The main CI infrastructure is maintained on GitHub Actions (GHA).

This infrastructure is broadly comprised of smoke tests and platform tests. Smoke tests are typically initiated by pull_request or pull_request_target triggers automatically when opening or updating a pull request. Platform tests often require an organization member to manually trigger the test when the pull request is ready to be tested.

Triggering Smoke Tests

Several short-running tests are automatically triggered for all contributor submissions, subject to GitHub’s limitations around first-time contributors.
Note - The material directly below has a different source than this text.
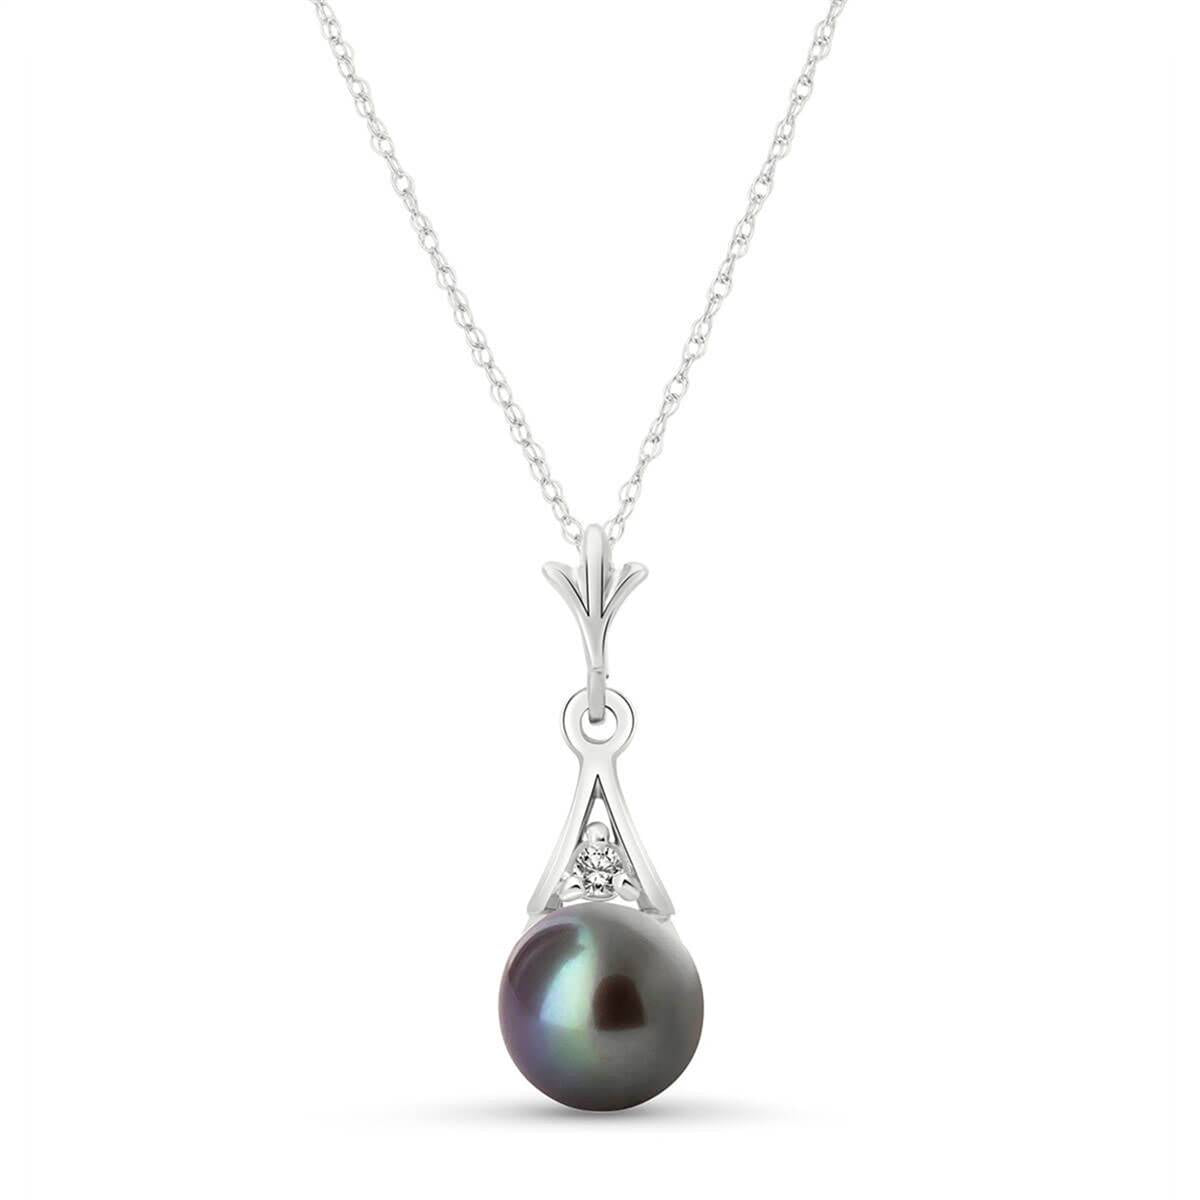 2.03 Carat 14K Solid White Gold Necklace Diamond Black Pearl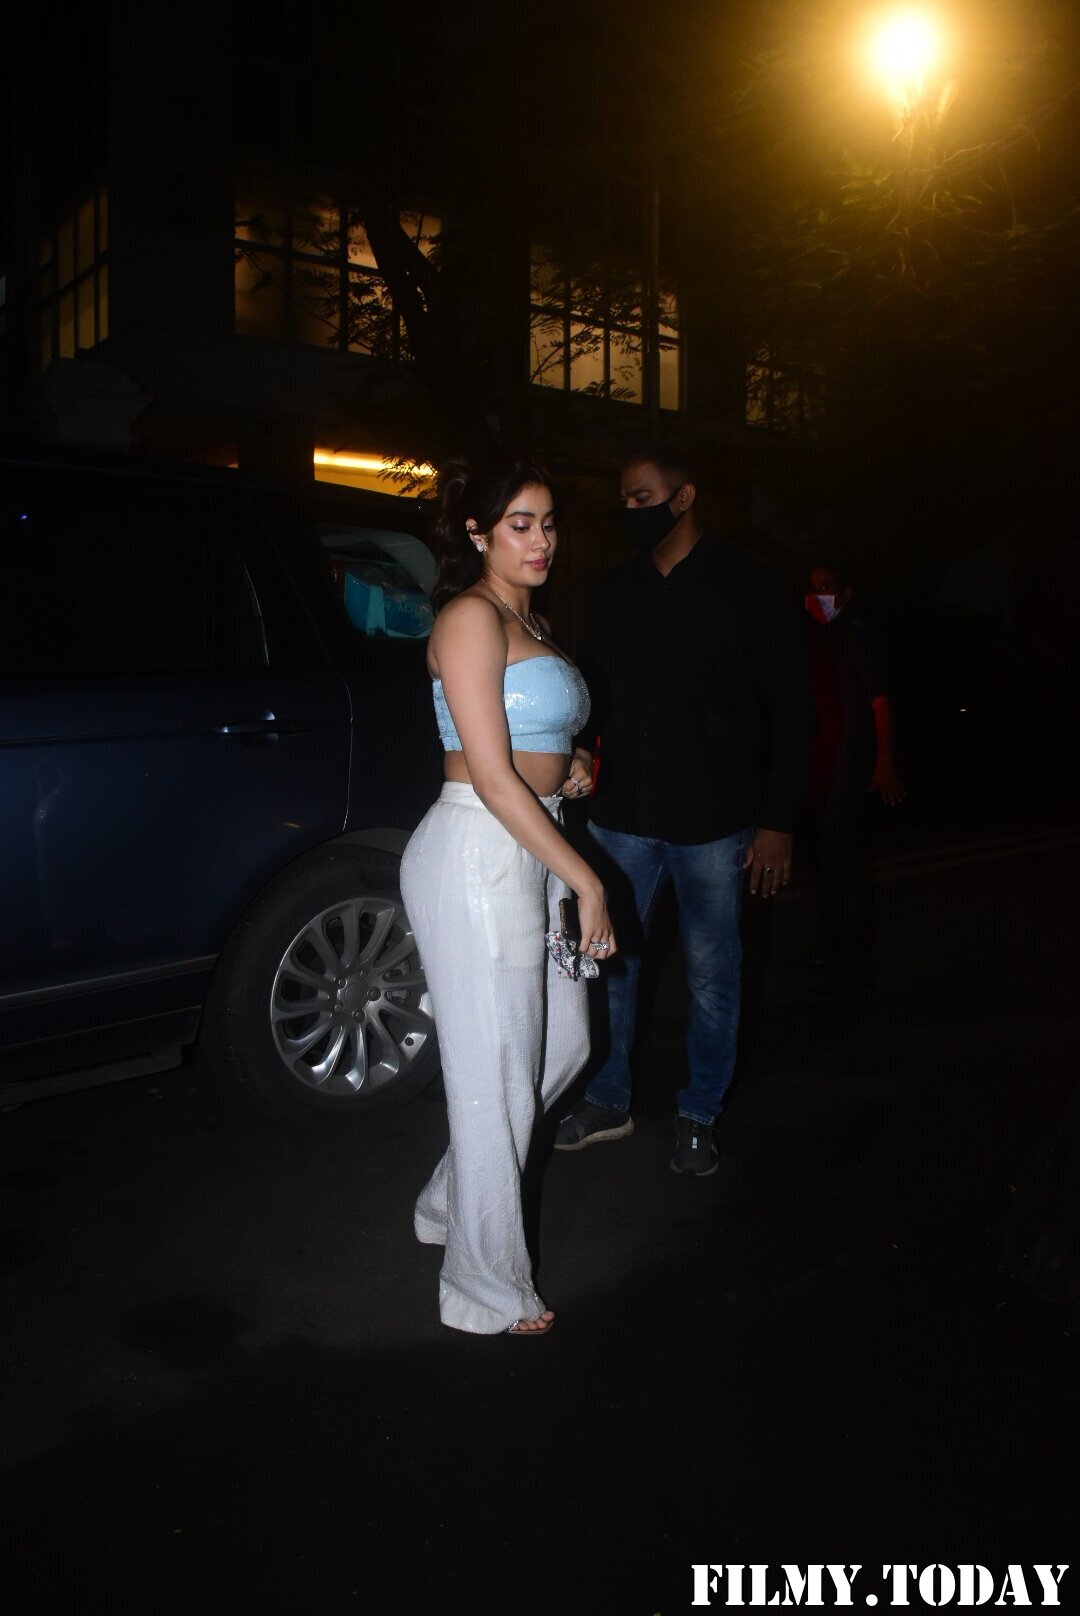 Janhvi Kapoor - Photos: Celebs At Rhea Kapoor Wedding Party At Anil Kapoor's House | Picture 1822251

If no GitHub workflows are triggering on your PR, a committer for the project should trigger these within a few days. Reach out in the #testing channel on Cilium Slack for assistance in running these tests.

Triggering Platform Tests

To ensure that build resources are used judiciously, some tests on GHA are manually triggered via comments. These builds typically make use of cloud infrastructure, such as allocating clusters or VMs in AKS, EKS or GKE. In order to trigger these jobs, a member of the GitHub organization must post a comment on the Pull Request with a “trigger phrase”.

If you’d like to trigger these jobs, ask in Cilium Slack in the #testing channel. If you’re regularly contributing to Cilium, you can also become a member of the Cilium organization.

Depending on the PR target branch, a specific set of jobs is marked as required, as per the Cilium CI matrix. They will be automatically featured in PR checks directly on the PR page. The /test trigger phrase may be used to trigger the full testsuite at once. Additional trigger phrases (such as /ci-e2e-upgrade) can be used to run individual or optional jobs where supported.

More triggers can be found in ariane-config.yaml

For a full list of GHA, see GitHub Actions Page

Using GitHub Actions for testing

On GHA, running a specific set of Ginkgo tests (conformance-ginkgo.yaml) can also be accomplished by modifying the files under .github/actions/ginkgo/ by adding or removing entries.

main-focus.yaml:

This file contains a list of tests to include and exclude. The cliFocus defined for each element in the “include” section is expanded to the specific defined focus. This mapping allows us to determine which regex should be used with ginkgo --focus for each element in the “focus” list. See Running Specific Tests Within a Test Suite for more information about --focus flag.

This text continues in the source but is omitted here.